■ **EXTRACTED ENTRIES**
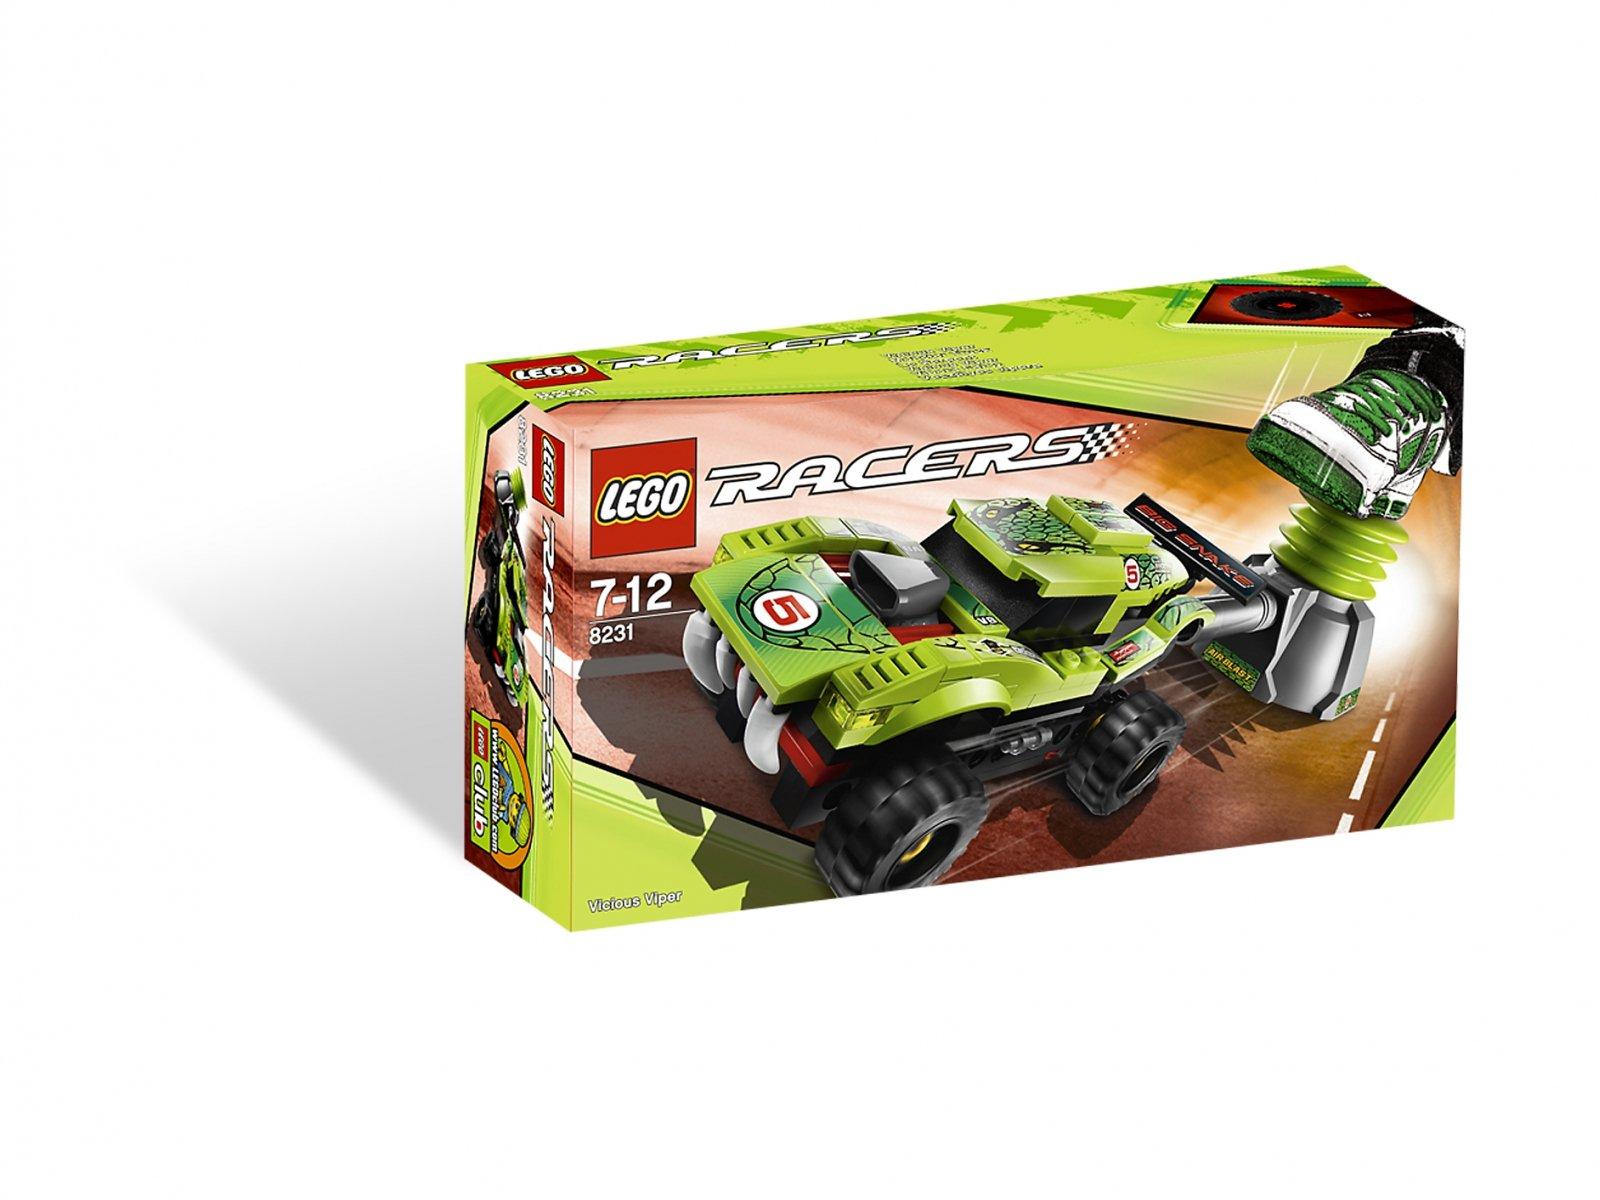 LEGO Racers 8231 Groźna Żmija
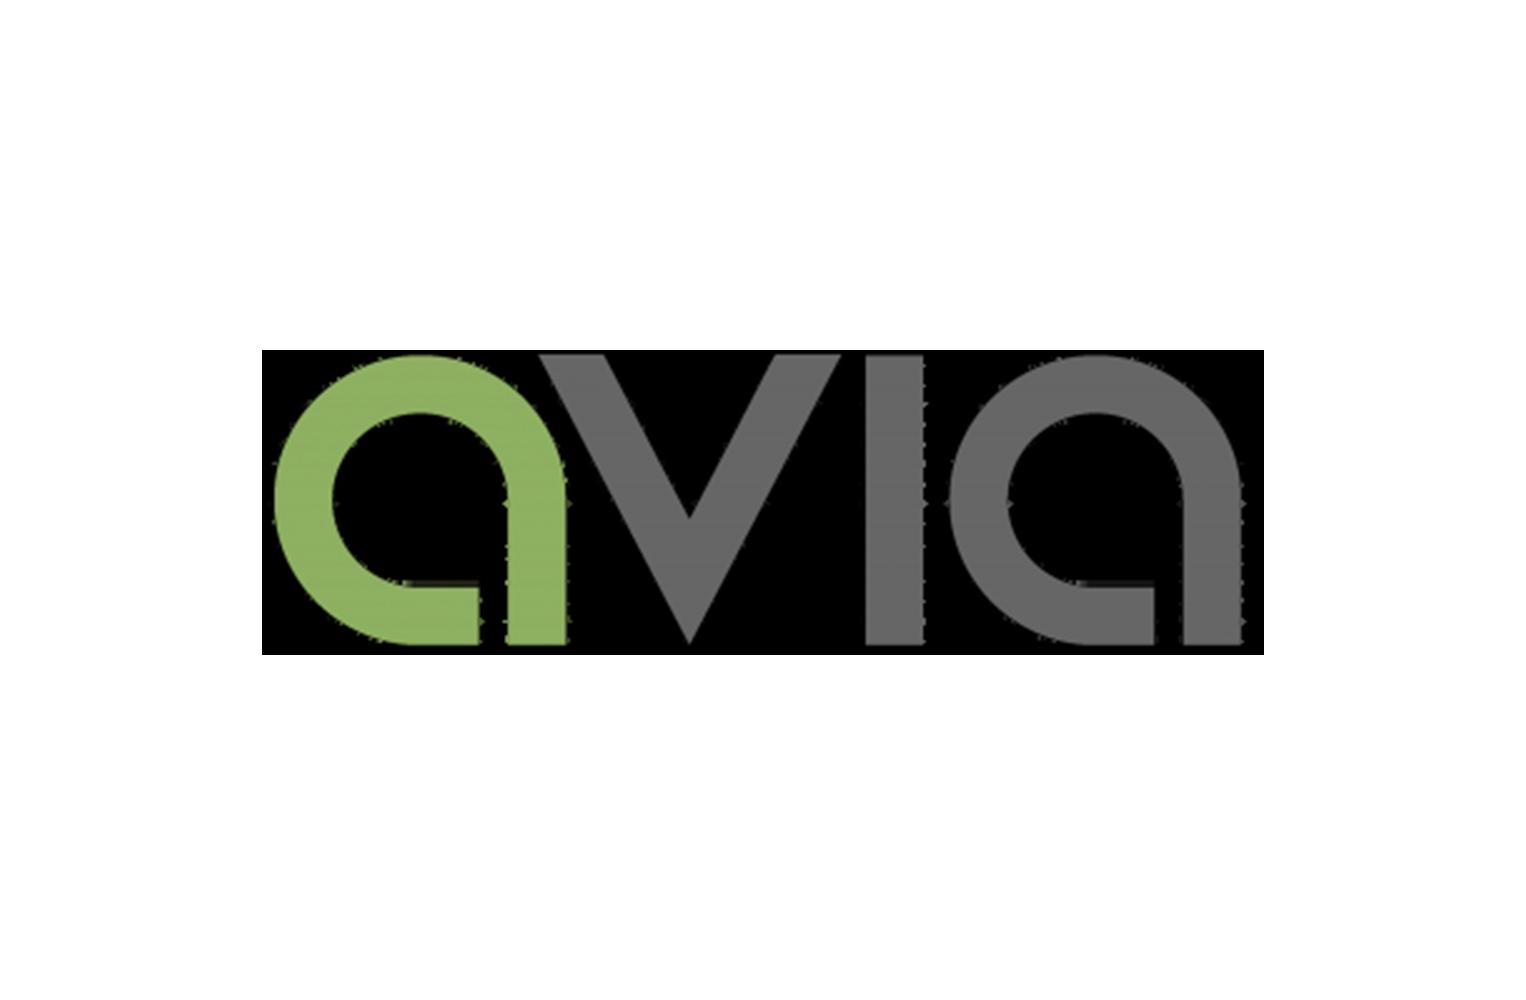 avia-400x126.png
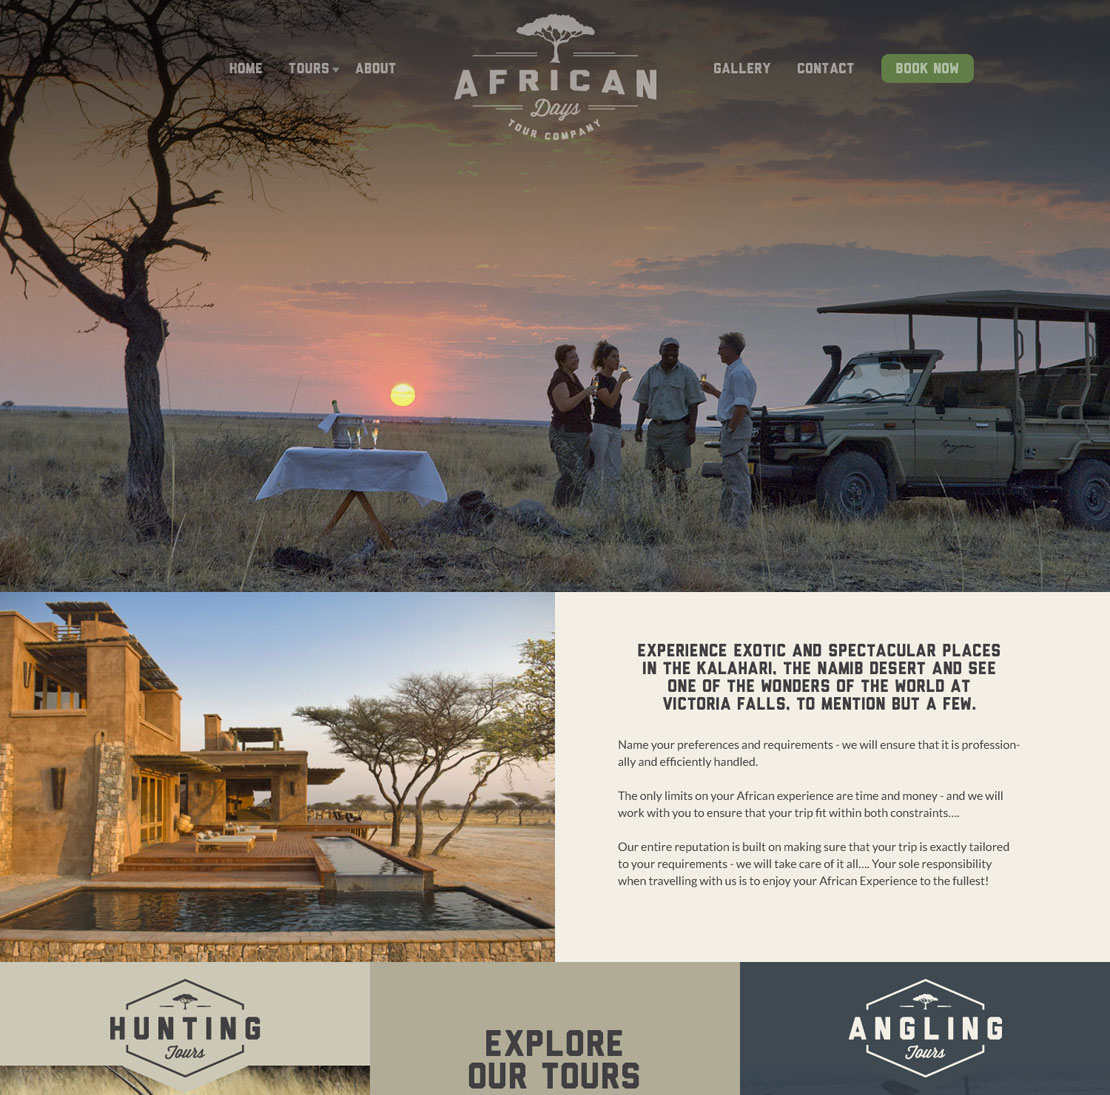 African Days
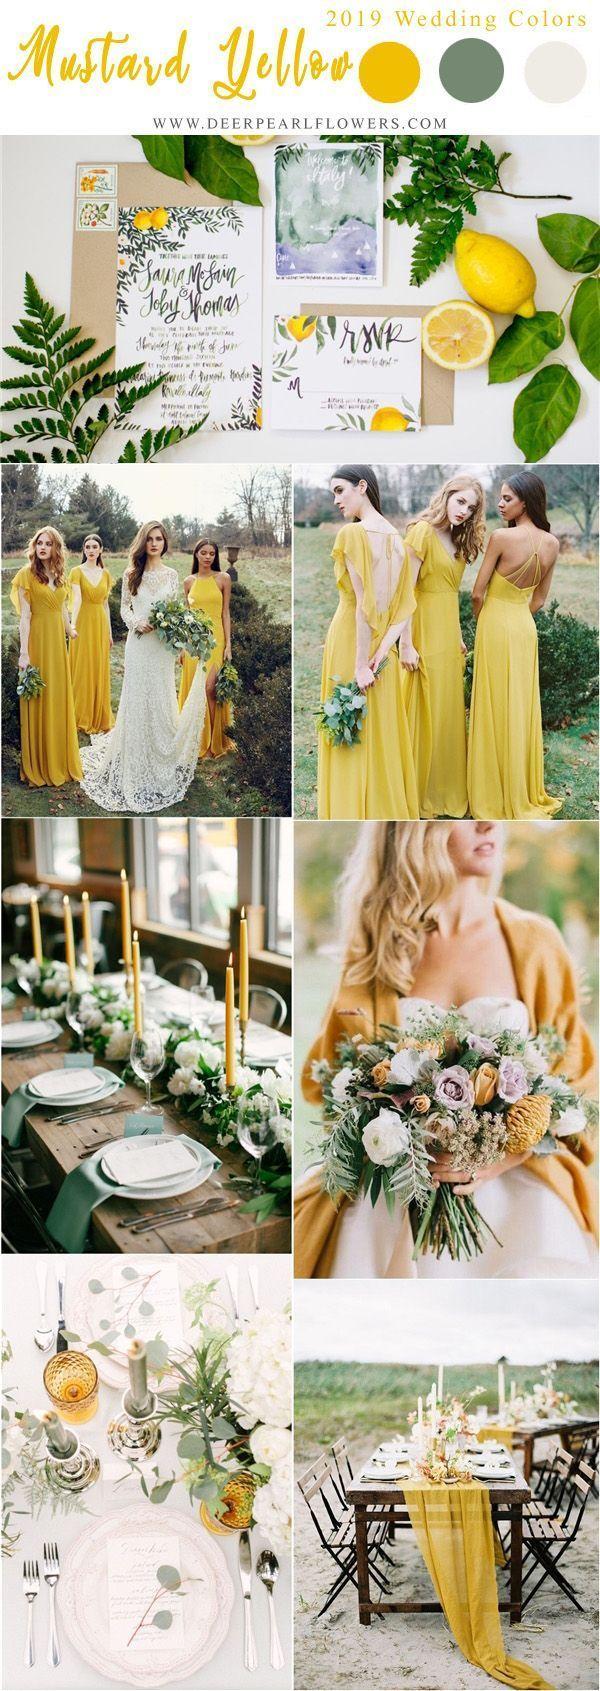 Top 10 Wedding Color Scheme Ideas for 2019 Trends
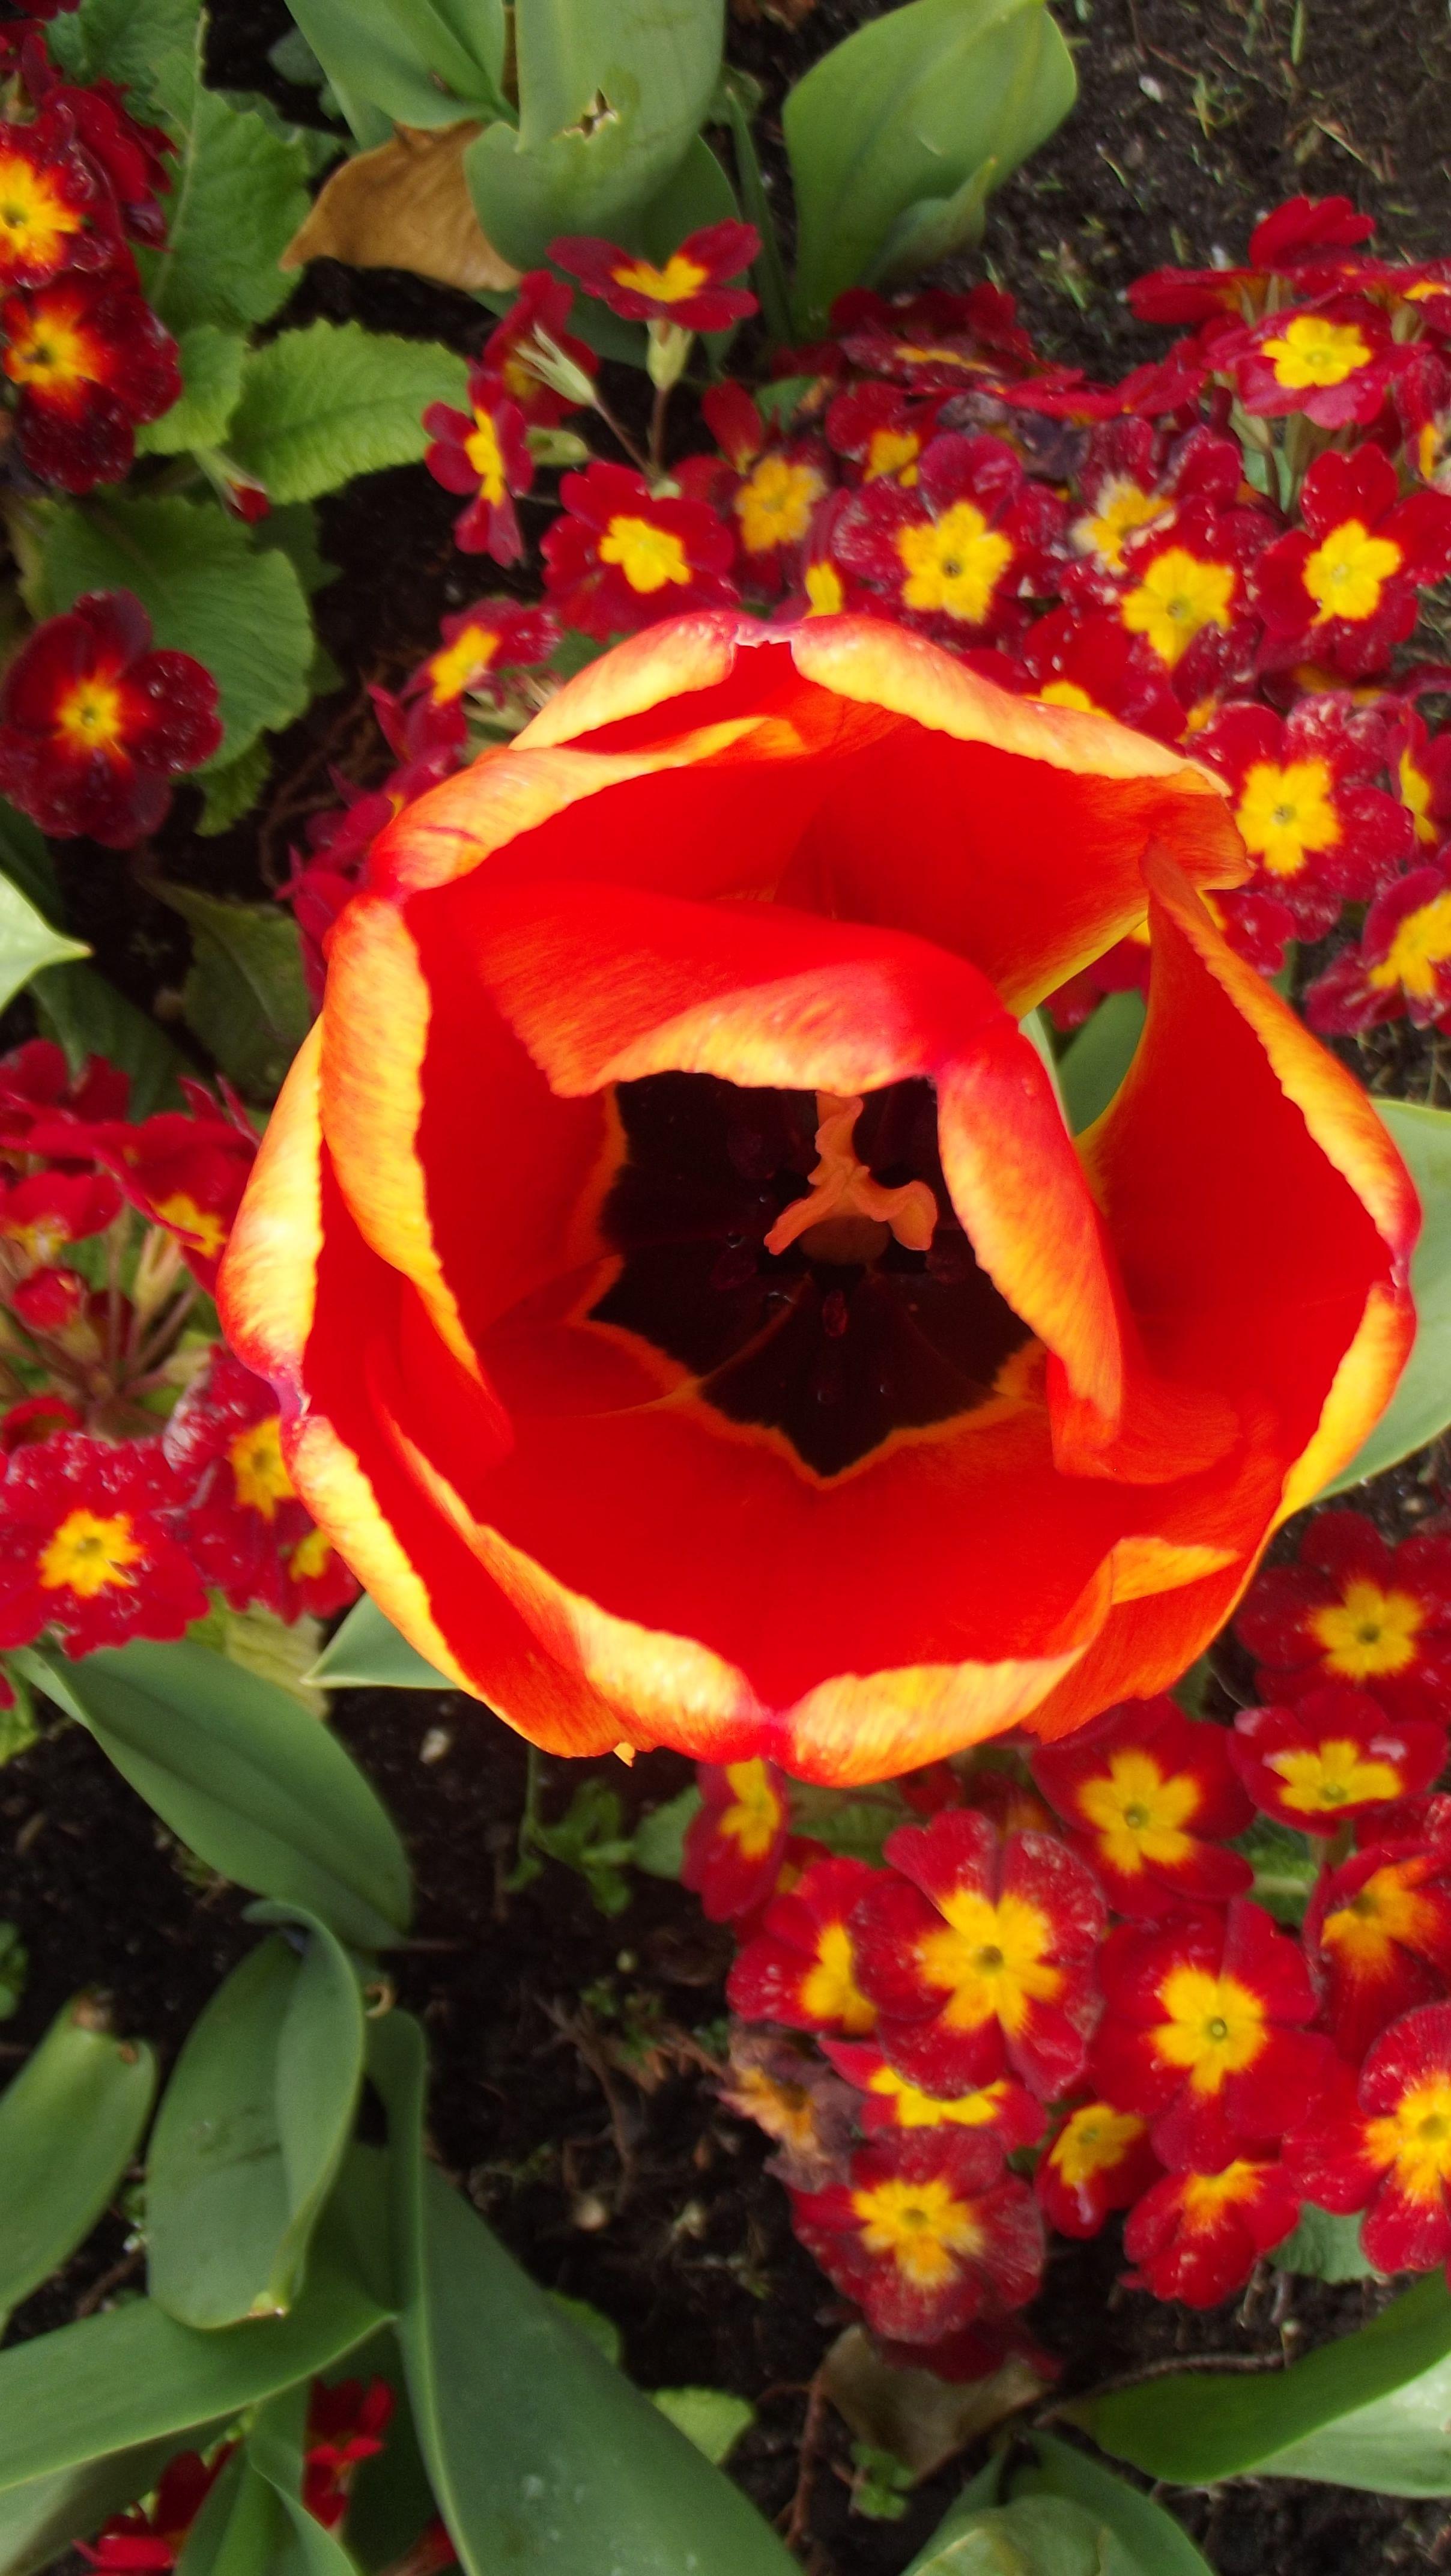 Tulip Festival in Powerscourt Gardens, Powerscourt Estate, County Wicklow, Ireland. www.powerscourt.ie

■ **EXERCISE AIM**
From the material above, copy everything exactly but the pictures.

■ **RESULT OF THE EXERCISE**
 LEGO Racers 8231 Groźna Żmija
 avia-400x126.png
 African Days
 Top 10 Wedding Color Scheme Ideas for 2019 Trends
 Tulip Festival in Powerscourt Gardens, Powerscourt Estate, County Wicklow, Ireland. www.powerscourt.ie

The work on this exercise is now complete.